There are a bunch of in-built relationships between say a node and it’s facts and inventory, so queries can get quite complex:

inventory[certname] { 
  facts.osfamily = "RedHat" and
  facts.dc = "linodeldn" and
  resources { 
    type = "Package" and
    title = "java" and
    parameters.ensure = "1.7.0" 
  } 
}

This finds all the RedHat machines in a particular DC with Java 1.7.0 on them. Be aware this will also find machines that are deactivated.

I won’t go into huge details of the queries, the docs are pretty good – examples, overview.

So this is quite interesting, this finally gives us a reasonably usable DB to do queries that mcollective discovery used to be used for – but of course its not a live view nor does it have any clue what the machines are up to but as a cached data source for discovery this is interesting.

Using


CLI


You can of course query this stuff on the CLI and I suggest you familiarise yourself with JQ.

First you’ll have to set up your account:

{
  "puppetdb": {
    "server_urls": "https://puppet:8081",
    "cacert": "/home/rip/.puppetlabs/etc/puppet/ssl/certs/ca.pem",
    "cert": "/home/rip/.puppetlabs/etc/puppet/ssl/certs/rip.mcollective.pem",
    "key": "/home/rip/.puppetlabs/etc/puppet/ssl/private_keys/rip.mcollective.pem"
  }
}

This is in ~/.puppetlabs/client-tools/puppetdb.conf which is a bit senseless to me since there clearly is a standard place for config files, but alas.

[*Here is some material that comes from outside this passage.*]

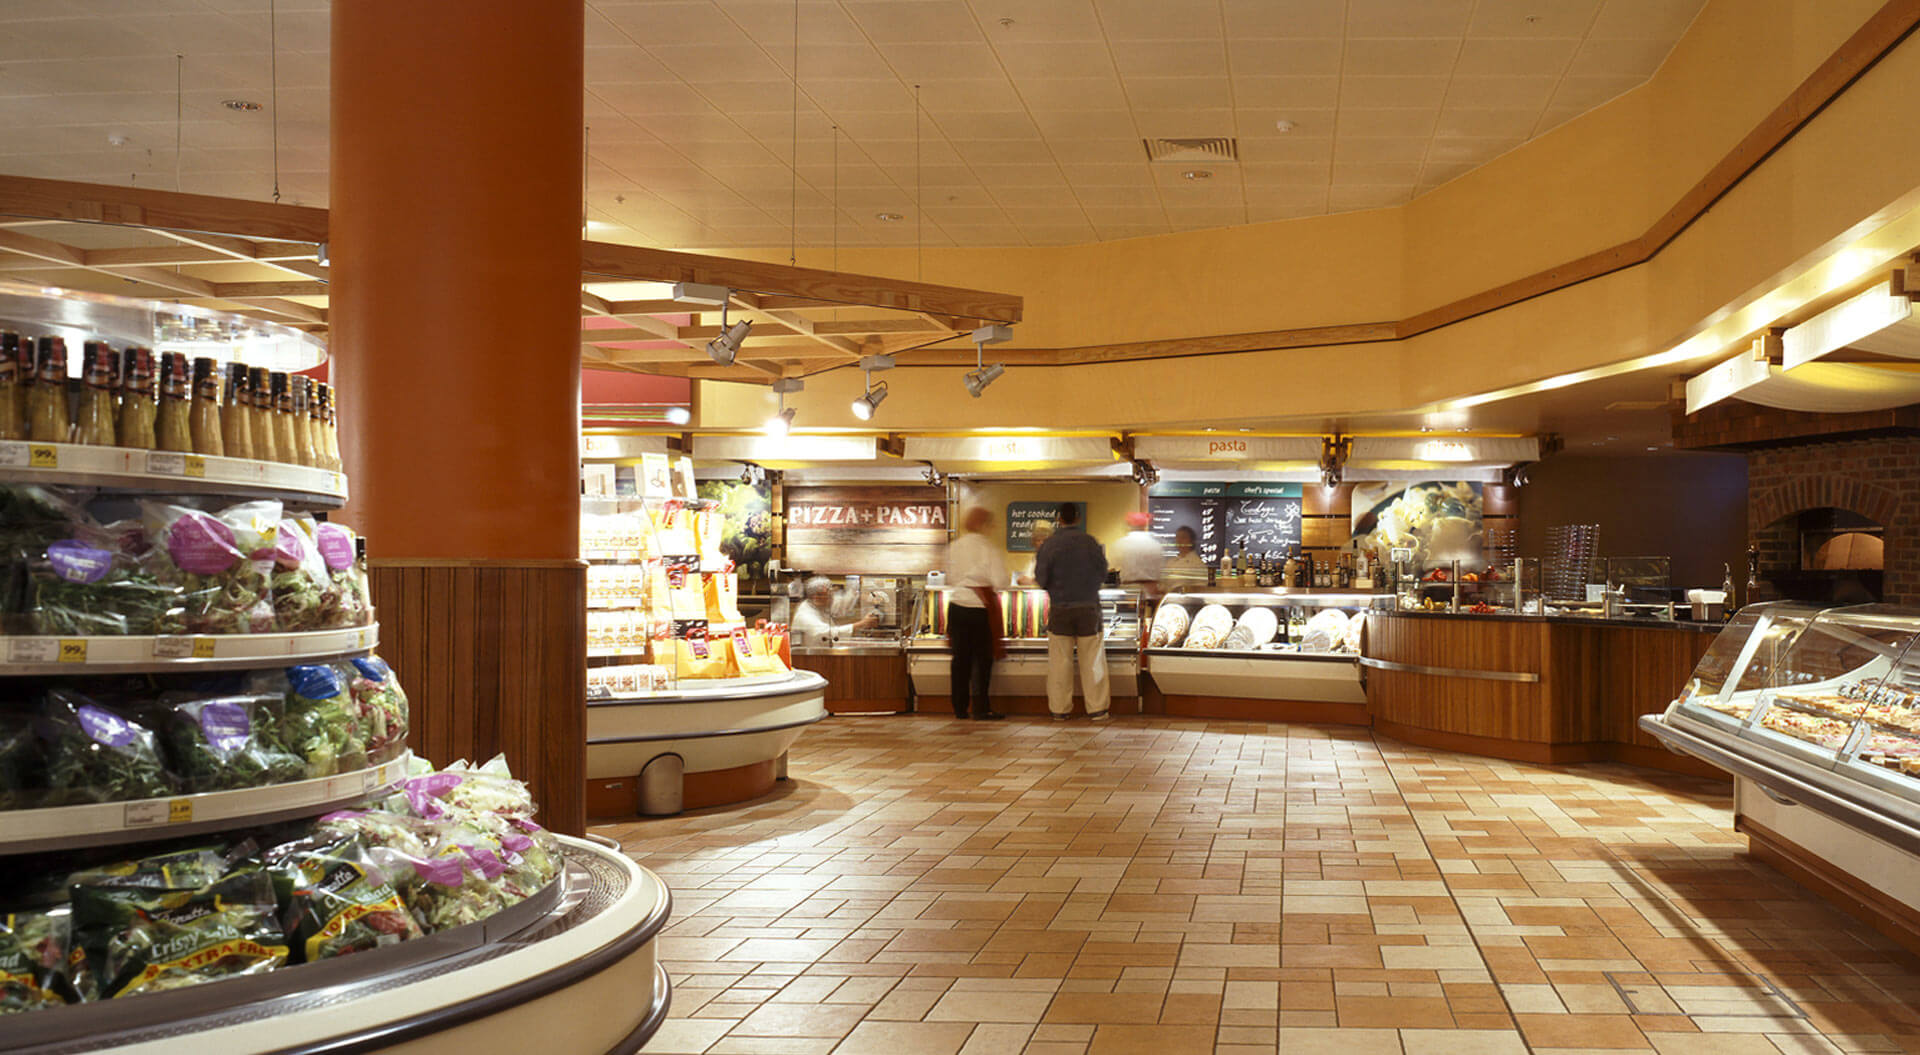 Safeway supermarkets interior store design for chilled island merchandising  pizza pasta to go

Once you have this and you installed the puppet-client-tools package you can do queries like:

$ puppet query "nodes { certname ~ 'devco.net' }"

Puppet Code


Your master will have the puppetdb-termini package on it and this brings with it Puppet functions to query PuppetDB so you do not need to use a 3rd party module anymore:
$nodes = puppetdb_query("nodes { certname ~ 'devco' }")

Puppet Job


At the recent PuppetConf Puppet announced that their enterprise tool puppet job supports using this as discovery, if I remember right it’s something like:
$ puppet job run -q 'nodes { certname ~ 'devco' }'

MCollective


At PuppetConf I integrated this into MCollective and my Choria tool, mco feature still due a release (MCO-776, choria):

Run Puppet on all the nodes matched by the query:

$ puppet query "nodes { certname ~ 'devco.net' }"|mco rpc puppet runonce

The above is a bit limited in that the apps in question have to specifically support this kind of STDIN discovery – the rpc app does.

I then also added support to the Choria CLI:

$ mco puppet runonce -I "pql:nodes[certname] { certname ~ 'devco.net' }"

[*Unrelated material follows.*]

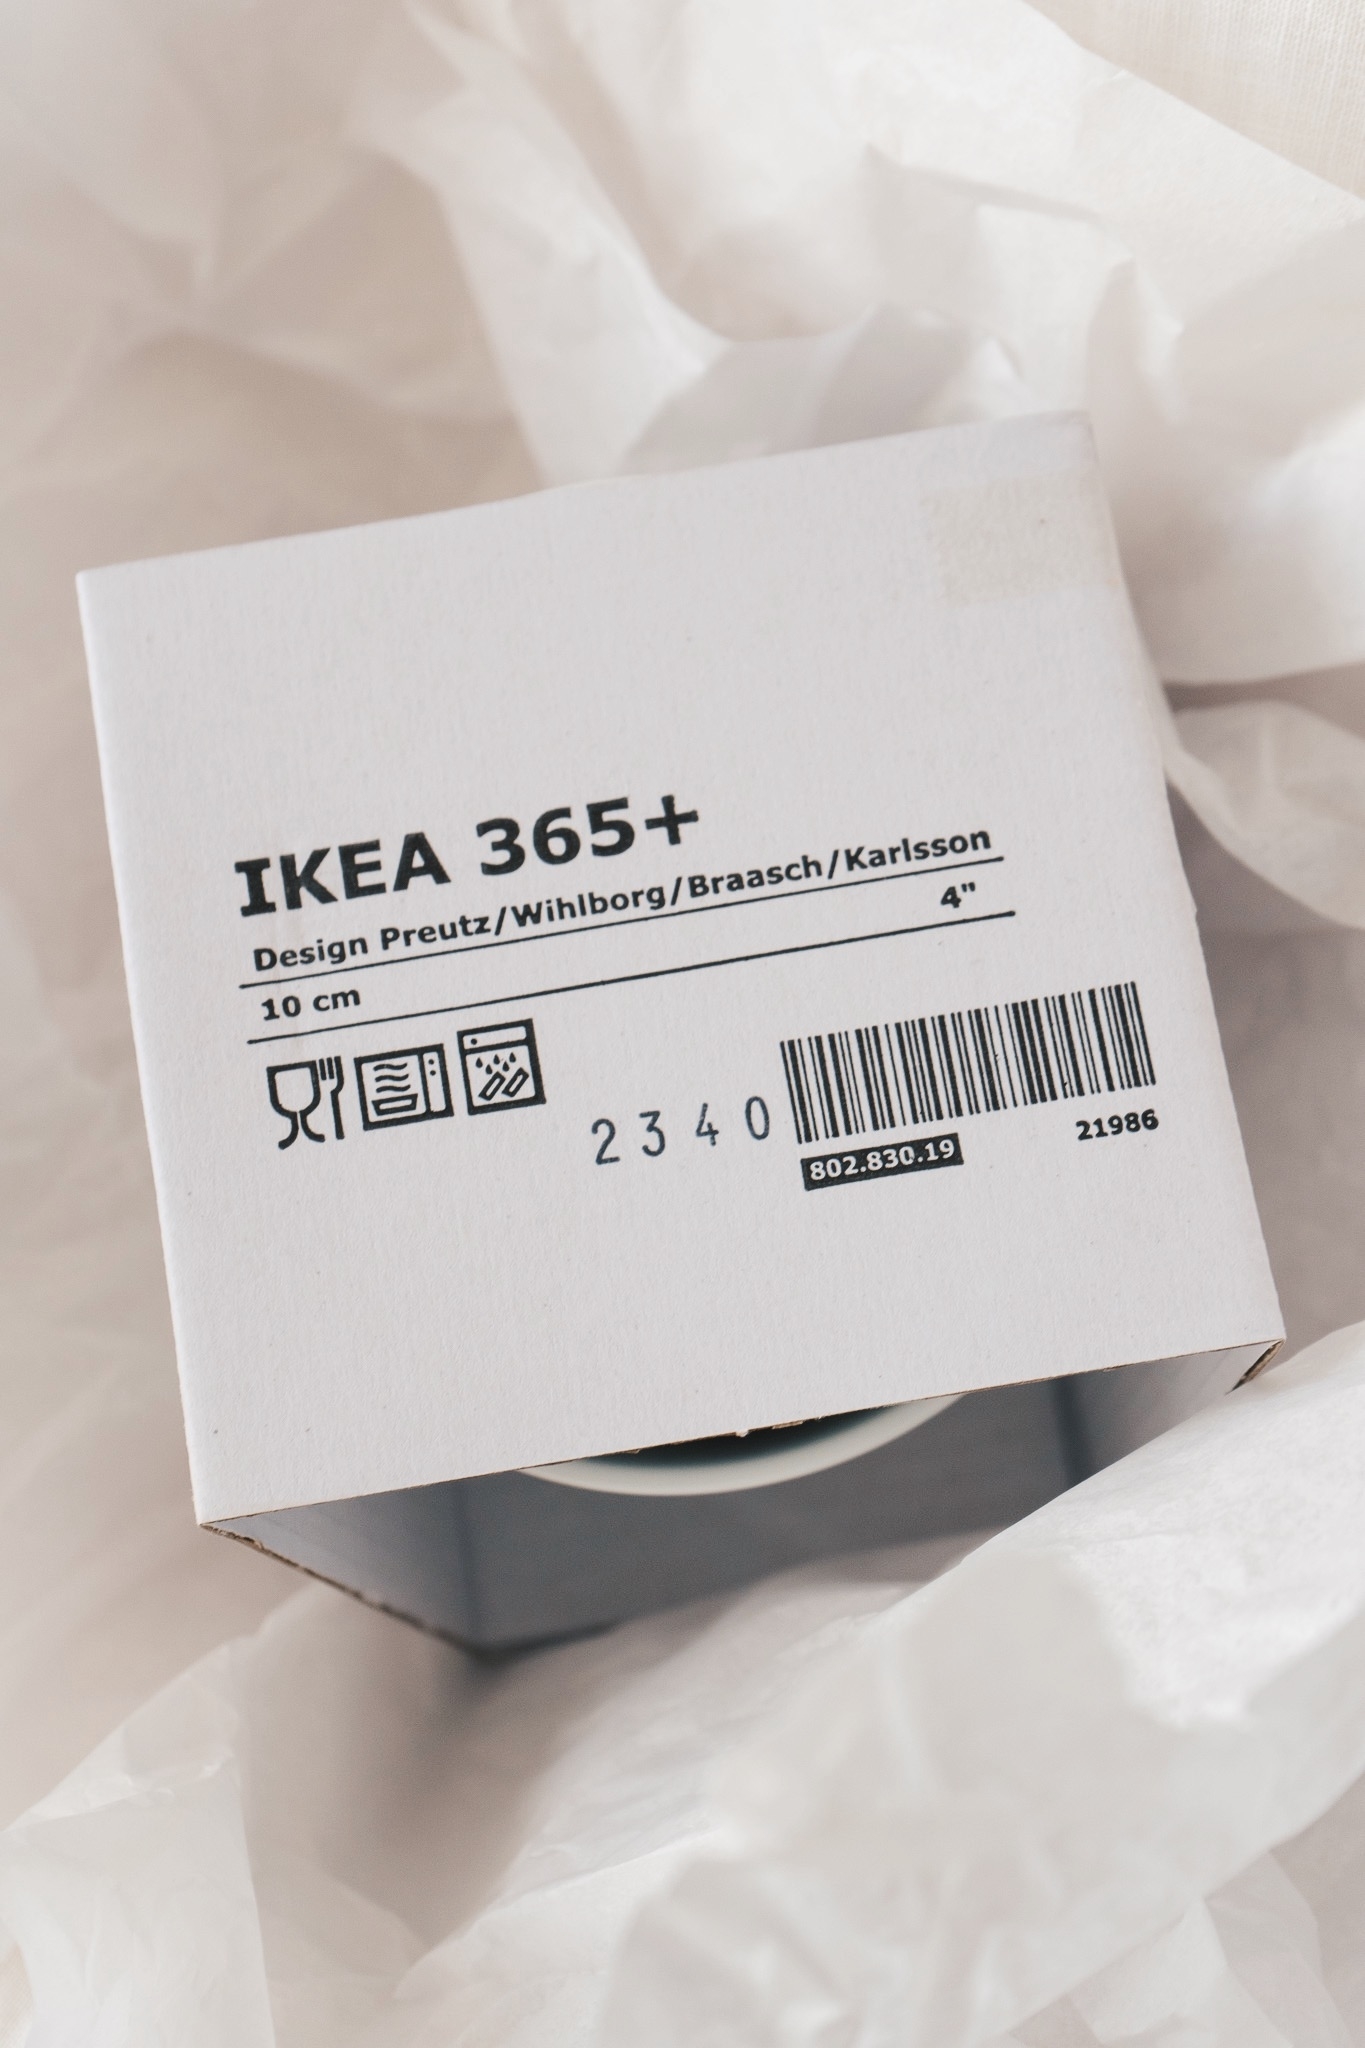 イケアのキッチン雑貨「IKEA 365+ ボウル 10cm」

These queries are a bit special in that they must return just the certname as here, I’ll document this up. The reason for this is that they are actually part of a much larger query done in the Choria discovery system (that uses PQL internally and is a good intro on how to query this API from code).

Here’s an example of a complex query – as used by Choria internally – that limits nodes to ones in a particular collective, our PQL query, which ones have mcollective installed and running. You can see you can nest and combine queries into quite complex ones:

nodes[certname, deactivated] { 
  # finds nodes in the chosen subcollective via a fact
  (certname in inventory[certname] { 
    facts.mcollective.server.collectives.match("\d+") = "mcollective" 
  }) and 
 
  # does the supplied PQL query, note the specific certname match
  (certname in nodes[certname] {
    certname ~ 'devco.net'
  }) and
 
  # limited to machines with mcollective installed
  (resources {
    type = "Class" and title = "Mcollective"
  }) and 
 
  # who also have the service started
  (resources {
    type = "Class" and title = "Mcollective::Service"
  }) 
}

Conclusion


This is really handy and I hope more people will become familiar with it. I don’t think this quite rolls off the fingers easily – but neither does SQL or any other similar system so par for the course. What is amazing is that we can get nearer to having a common language across CLI, Code, Web UIs and 3rd party tools for describing queries of our estate so this is a major win.